What is the fastest deterministic primality test for numbers in the range 2^1024 to 2^4096?

Question

I am writing an implementation of a cryptography protocol. So far I\'ve been having a difficult time finding the fastest deterministic primality test for 1024-bit to 4096-bit i

Answer 1

This article is answering your question:

PRIMALITY TESTING by Richard P. Brent: http://cs.anu.edu.au/student/comp4600/lectures/comp4600_primality.pdf

It compares in complexity and in "real world speed" the 3 algorithms.

Answer 2

I'm new, so i can't comment on the above link, but here is the internet archive link to that article:

https://web.archive.org/web/20110414142105/http://cs.anu.edu.au/student/comp4600/lectures/comp4600_primality.pdf

Answer 3

The fastest proof methods for this size would be APR-CL (e.g. mpz_aprcl) and ECPP (e.g. Primo or ecpp-dj). APR-CL is deterministic and almost polynomial time, while ECPP is randomized but the answer returned is proven, not probabilistic. Alternately, use a constructive method for proven primes such as Maurer's methods or Shawe-Taylor. These are methods for quickly generating random n-bit primes created by building up Pocklington-style proofs. From a practical point of view, if you are generating the random candidates rather than receiving them from a third party then the error rates for Miller-Rabin are extraordinarily low, and almost all people in this case are satisfied with multiple Miller-Rabin tests using random bases, possibly with a strong Lucas test in addition. See FIPS 186-4 for lots of info on constructive methods and recommendations for probable prime testing.

Times are shown in this graph for a selection of random n-digit primes run through trial division, BPSW (an efficient probable prime test), two versions of AKS, APR-CL, and ECPP. This shows how AKS compares to the other methods.

I didn't add deterministic M-R as I assume you're not talking about 64-bit inputs, and over that you have to either test n/4 bases or prove the Riemann Hypothesis so you only have to test 2*log^2(n) bases.
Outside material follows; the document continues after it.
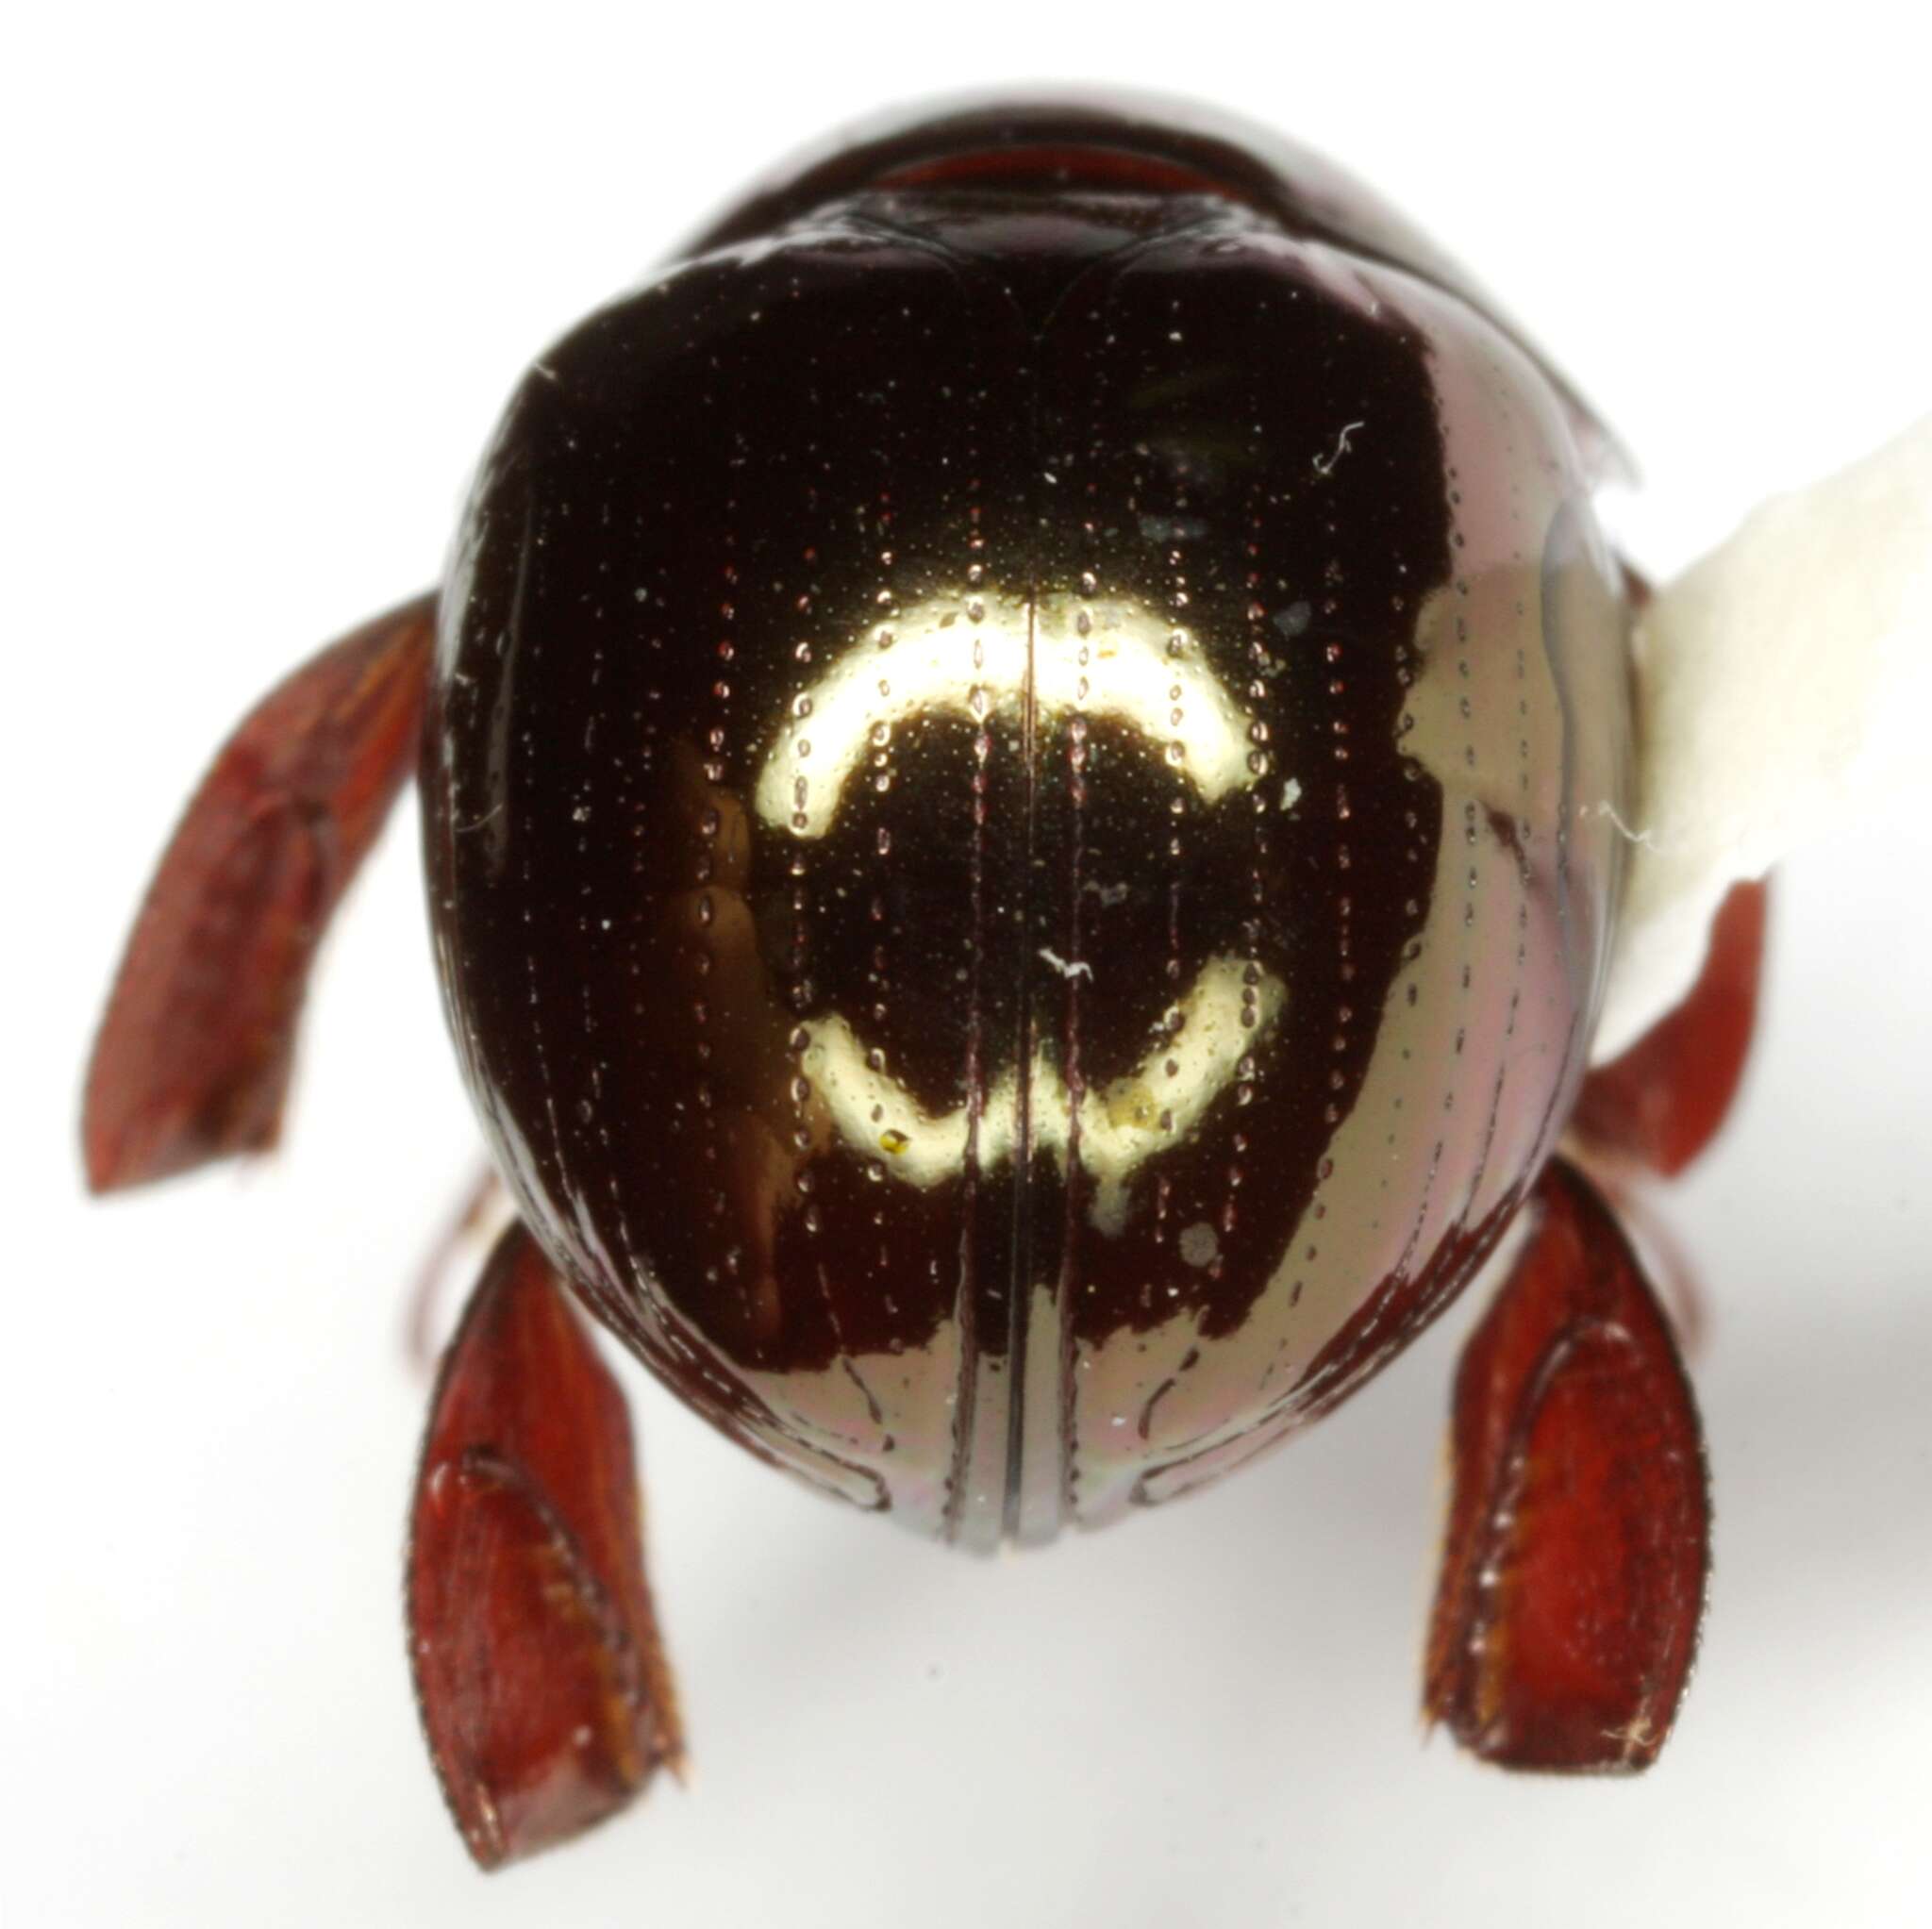 Image of Round Fungus Beetle

Neither one is attractive compared to our other options even if you use the latter without a proof. In practice the Bach version is faster than AKS as expected, but noticeably slower than ECPP and APR-CL in my tests with C+GMP. I haven't looked at asymptotics, but at 300 digits it is over 100x slower. Hence I don't see any point vs. APR-CL (Det M-R is slower) or ECPP (Det M-R is slower and ECPP gives you a certificate to boot).

Brent's paper can be found in this UMS10 version from 2010 as well as a similar version from 2006. It basically agrees with what I've found from more modern implementations in C+GMP of the various algorithms. AKS is a landmark theoretical result, but is of no current practical use.